GIVEN MATERIAL
------------------------------------------------------------

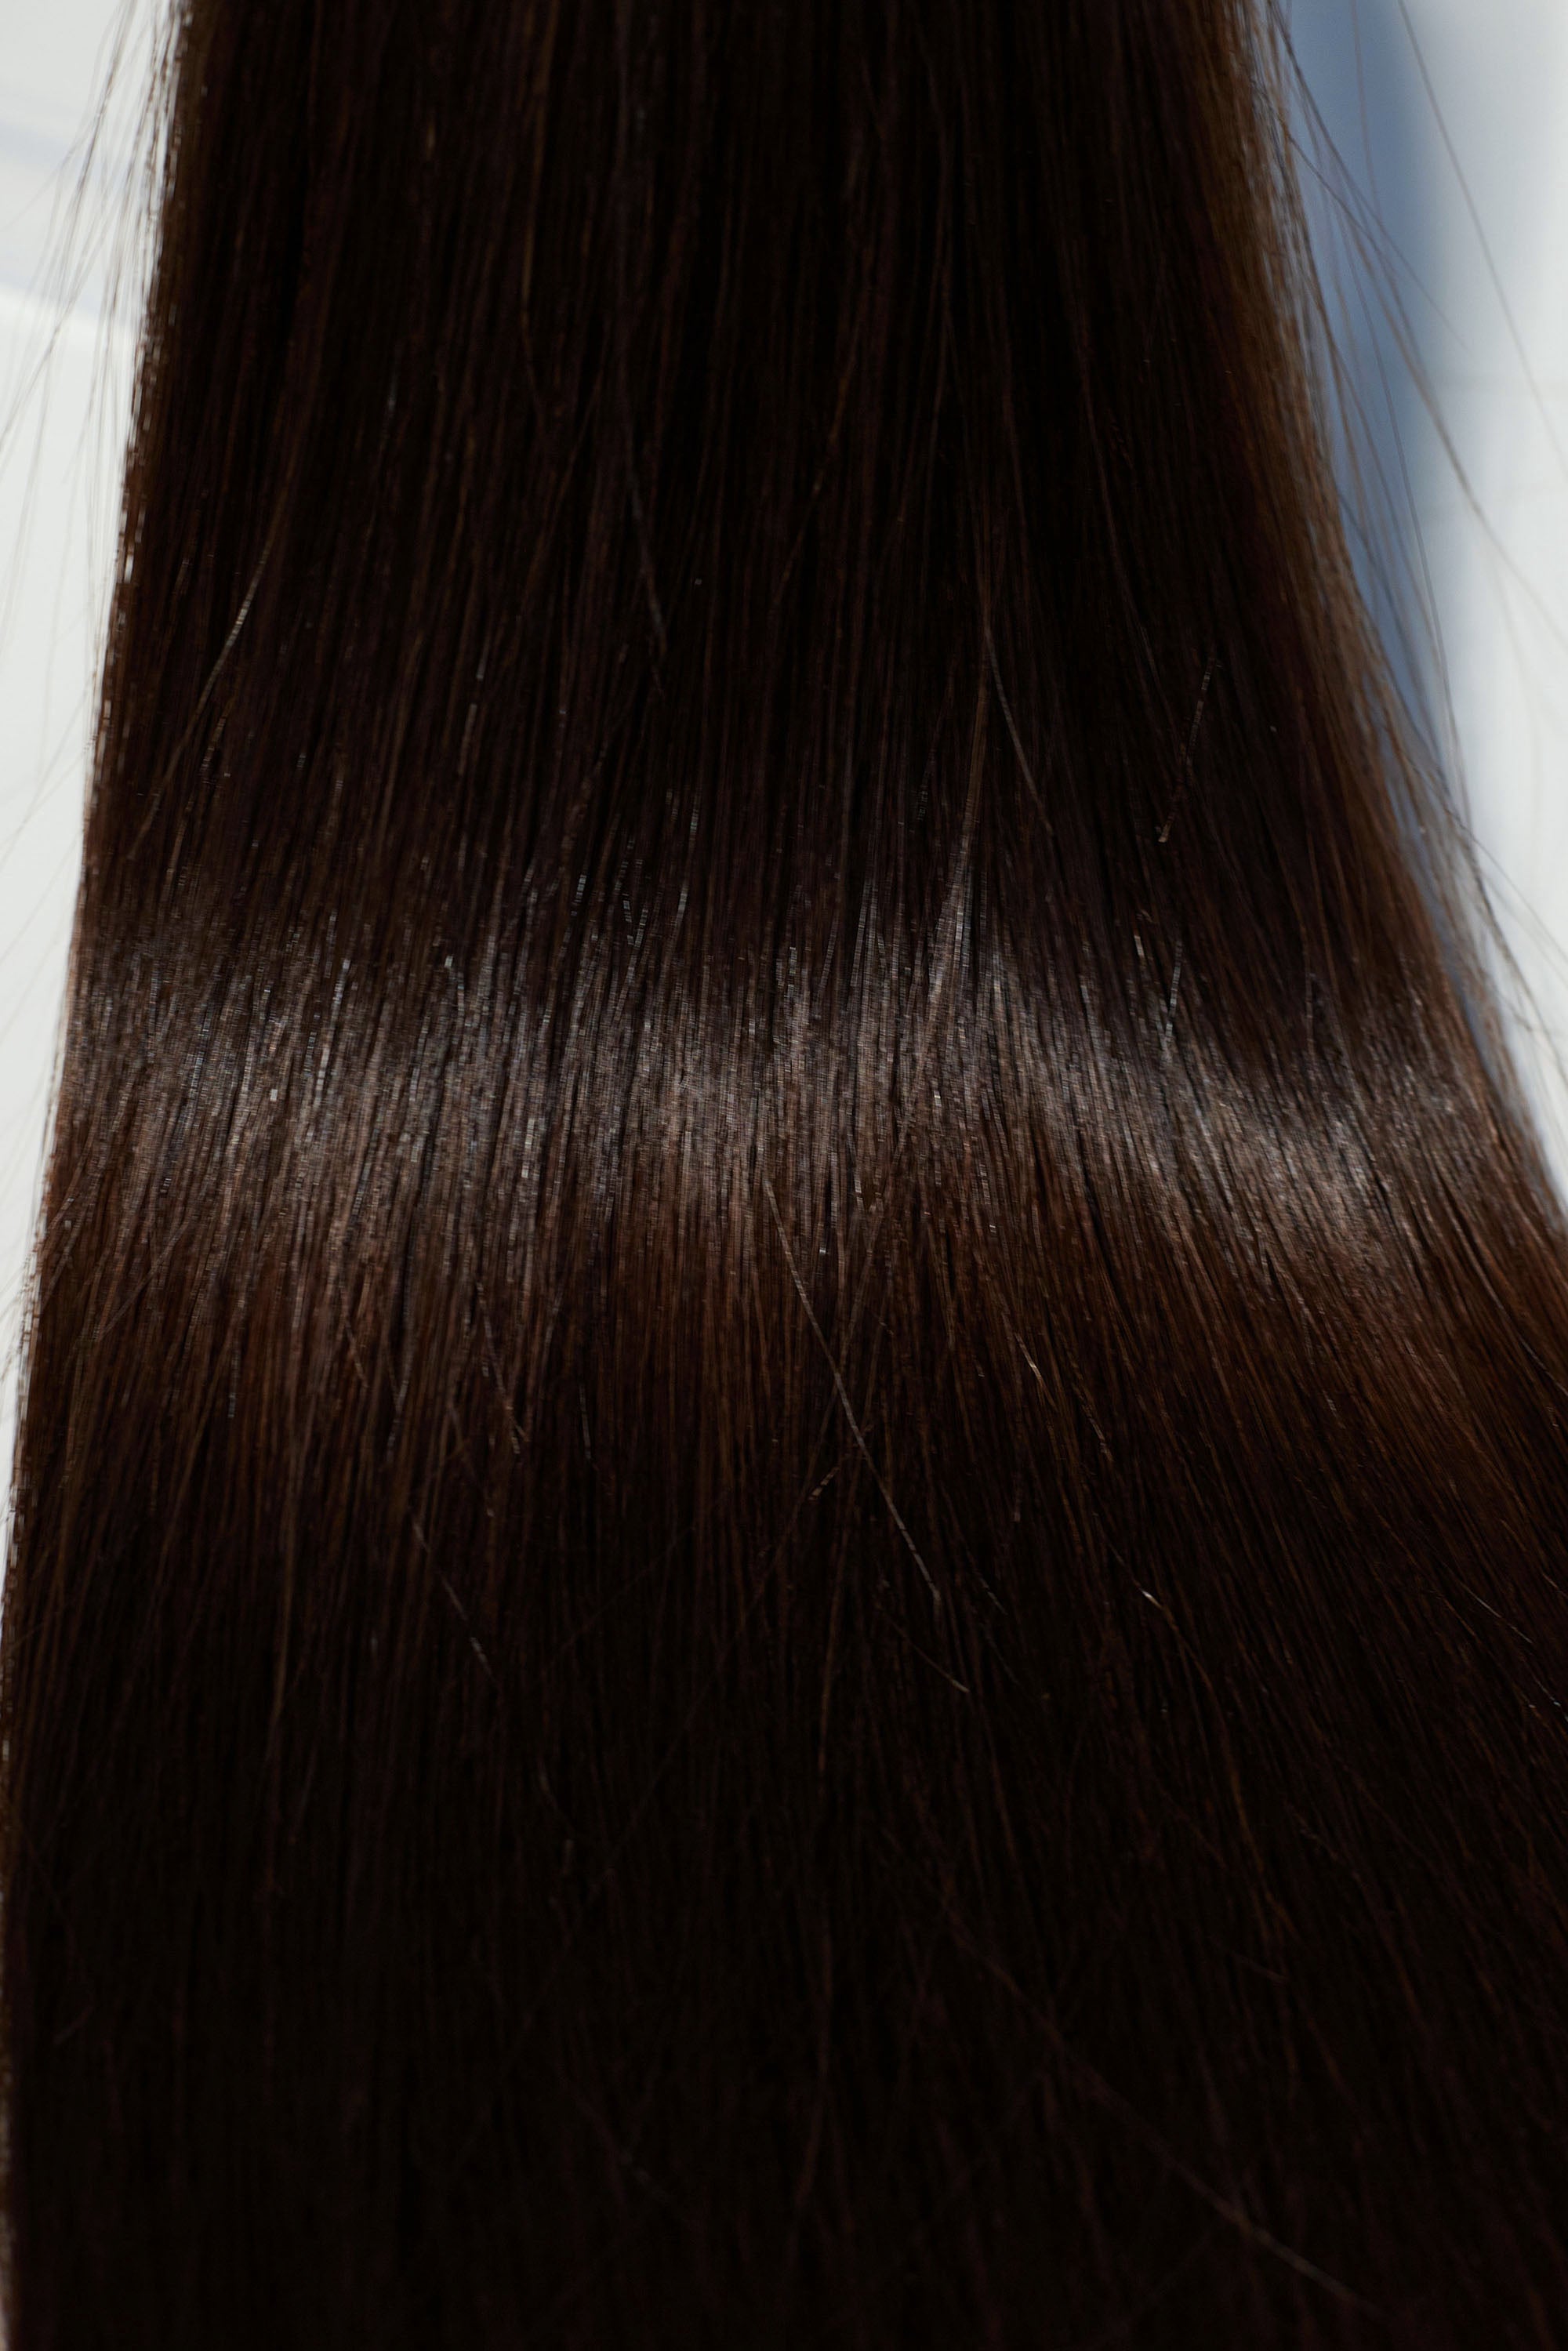 Behair professional Keratin Tip "Premium" 20" (50cm) Natural Straight Dark Coffee Brown #2 - 25g (Standart - 0.7g each pcs) hair extensions
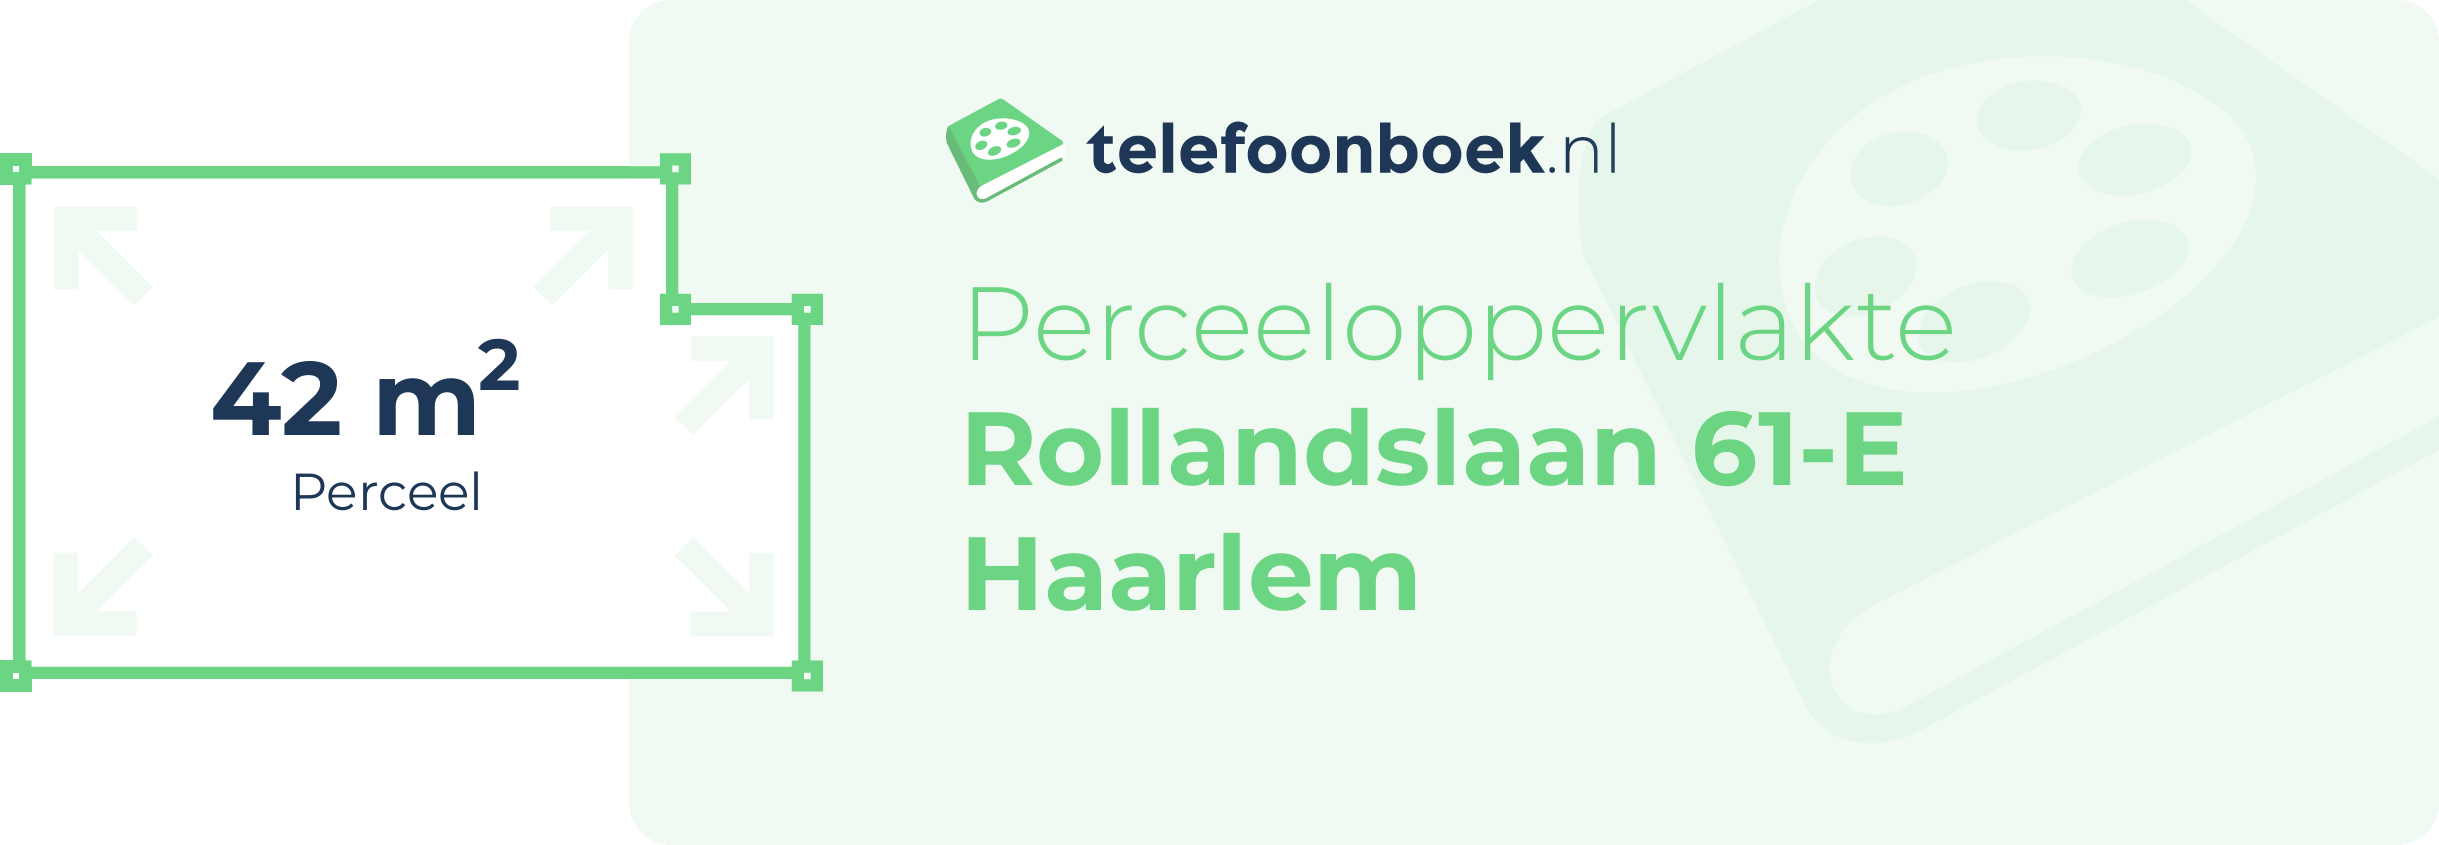 Perceeloppervlakte Rollandslaan 61-E Haarlem
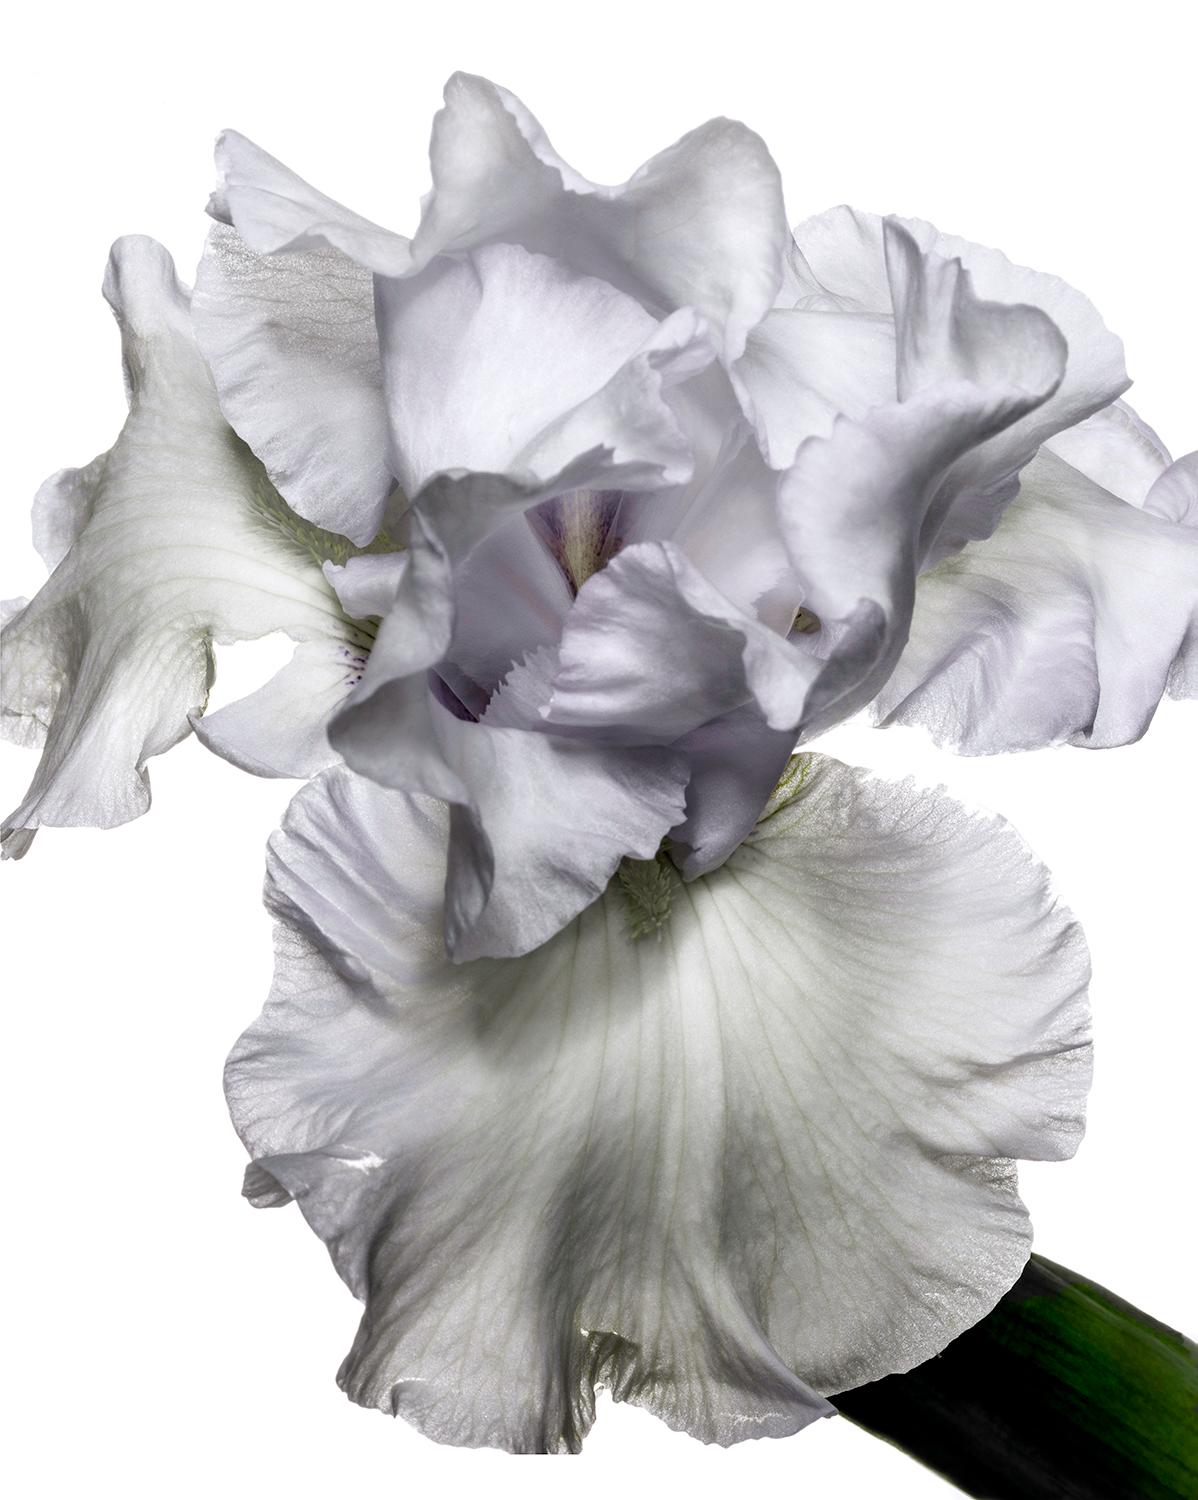 Flora Italiana ( Iris Bianco ) - large format botanical still life photograph
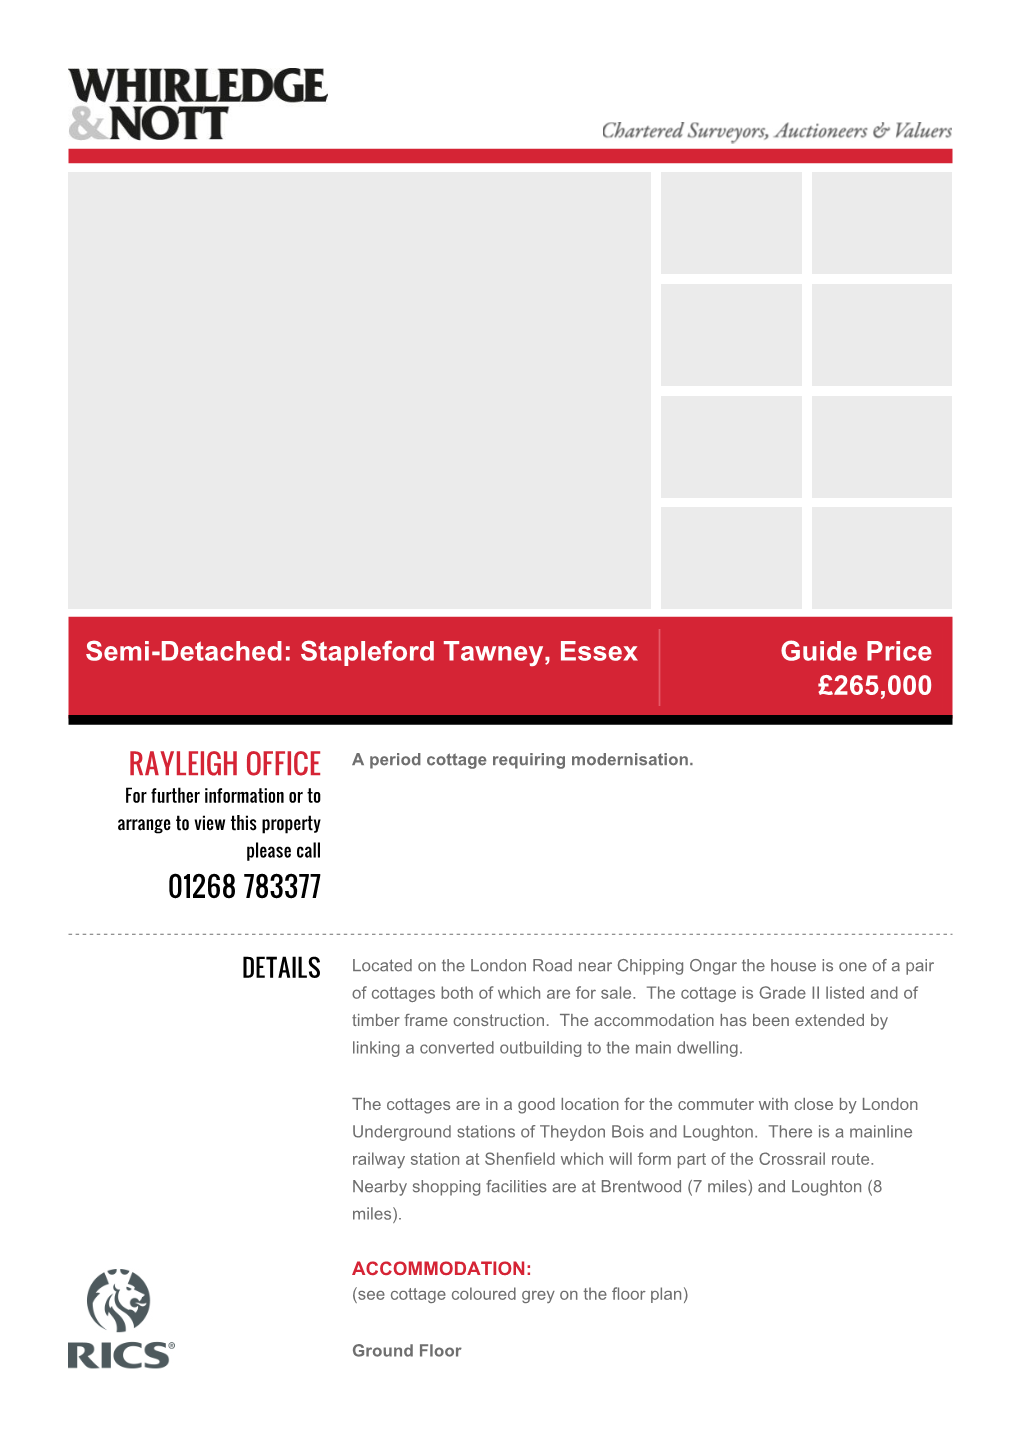 Semi-Detached: Stapleford Tawney, Essex Guide Price £265,000

------------------------------------------------------------

THE TASK
Set down all the data again exactly as above, pictures excluded.

WORKED SOLUTION
 Behair professional Keratin Tip "Premium" 20" (50cm) Natural Straight Dark Coffee Brown #2 - 25g (Standart - 0.7g each pcs) hair extensions
 Perceeloppervlakte Rollandslaan 61-E Haarlem
 Flora Italiana ( Iris Bianco ) - large format botanical still life photograph
 Semi-Detached: Stapleford Tawney, Essex Guide Price £265,000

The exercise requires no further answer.